- Directed by: John Llewellyn Moxey
- Written by: Edgar Wallace (novel); Roger Marshall;
- Produced by: Jack Greenwood
- Starring: Maxine Audley; Richard Leech; Alex Scott;
- Cinematography: James Wilson
- Edited by: Derek Holding
- Music by: Bernard Ebbinghouse
- Production company: Merton Park Studios
- Distributed by: Anglo-Amalgamated
- Release date: March 1963;
- Running time: 64 minutes
- Country: United Kingdom
- Language: English

= Ricochet (1963 film) =

1963 British film by John Llewellyn Moxey

Ricochet is a 1963 British crime film directed by John Llewellyn Moxey and starring Maxine Audley, Richard Leech and Alex Scott. Part of the long-running series of Edgar Wallace Mysteries films made at Merton Park Studios, it was written by Roger Marshall based on the 1922 Wallace novel The Angel of Terror.

==Cast==
- Maxine Audley as Yvonne Phipps
- Richard Leech as Alan Phipps
- Alex Scott as John Brodie
- Dudley Foster as Peter Dexter
- Patrick Magee as Insp. Cummings
- Frederick Piper as Siddall
- June Murphy as Judy
- Virginia Wetherell as Brenda
- Alec Bregonzi as Max
- Keith Smith as Porter
- Peter Torquill as Sgt. Walters
- Nancy Nevinson as Elsie Siddall
- William Dysart as first skater
- Barbara Roscoe as pretty girl skater
- Anne Godley as wardress
- Maris Tant as girl skater
- Marian Horton as waitress

== Critical reception ==
The Monthly Film Bulletin wrote: "Edgar Wallace's worldly, thinly ingenious story is here transposed to a contemporary suburban setting, rather effectively photographed under snow, and unimaginatively acted in the expressionless whisky-swilling convention of British second features. All the characters are pretty repulsive, and are allotted an appropriately nasty fate. Disbelief tends to dispel suspense, and the end is altogether too expected. The sound, though important to the plot, is rather over-recorded."

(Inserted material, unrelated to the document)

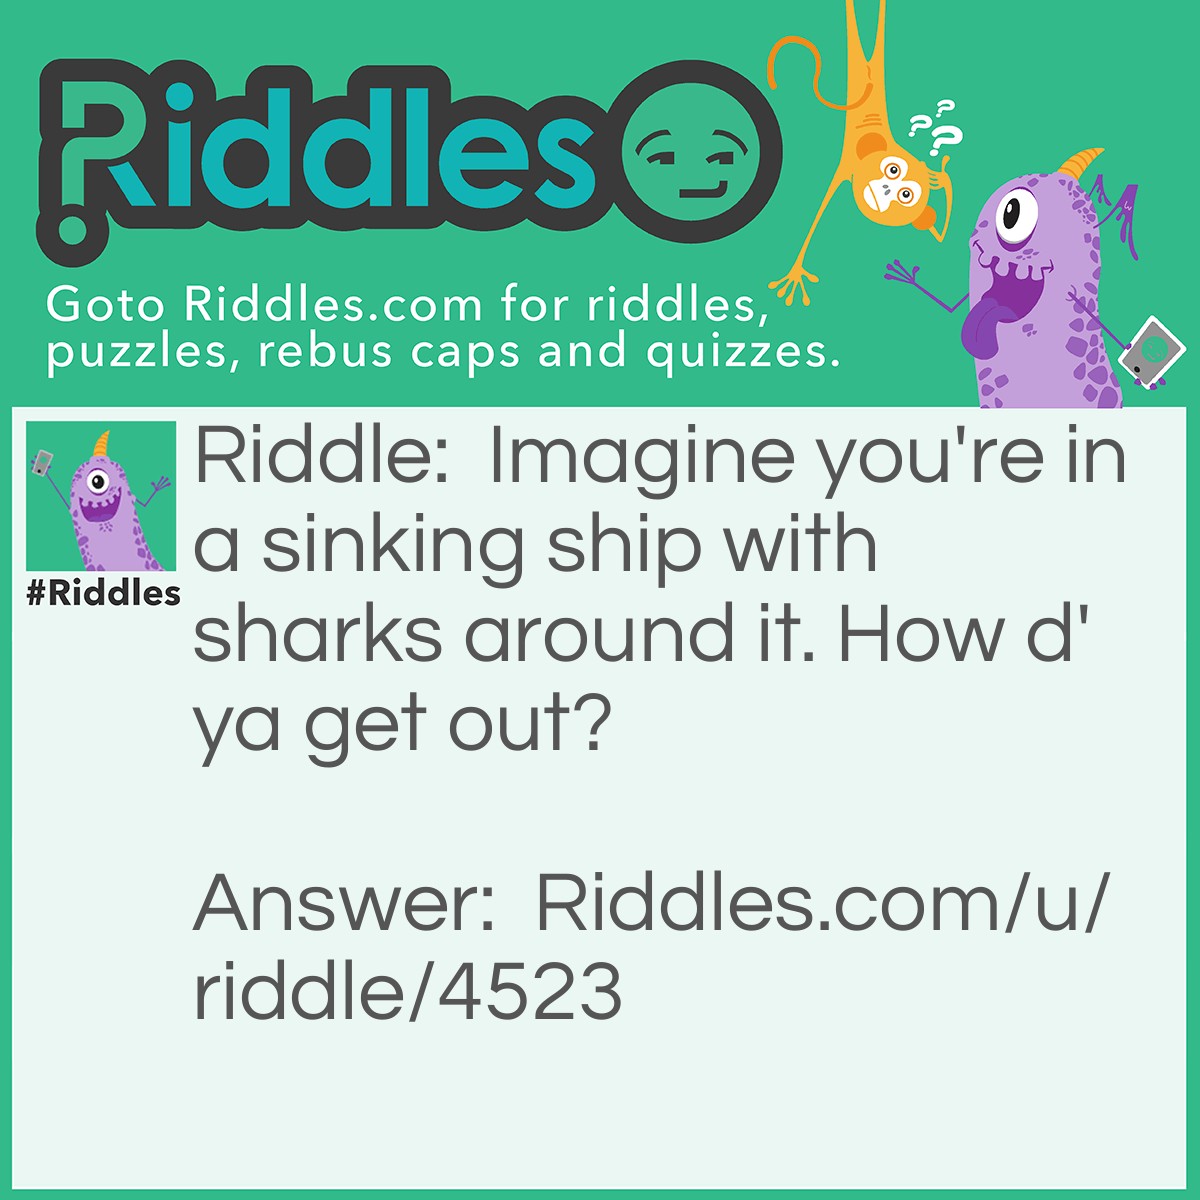 Riddle: Imagine you're in a sinking ship with sharks around it. How d'ya get out? Answer: Stop imagining.

Kine Weekly wrote: "There is an expertise about the production that keeps the attention from start to finish. There are no loose ends to the plot and no untidy red herrings. The director has used some quite imaginative camera angles for atmospheric effect, but never lets them intrude. The direction, in short, is direct. Maxine Audley and Richard Leech are credible as the married protagonists and character sketches are filled in by Alex Scott, Dudley Foster, Patrick Magee and other excellent supporting artists."

==Bibliography==
- Goble, Alan. The Complete Index to Literary Sources in Film. Walter de Gruyter, 1999.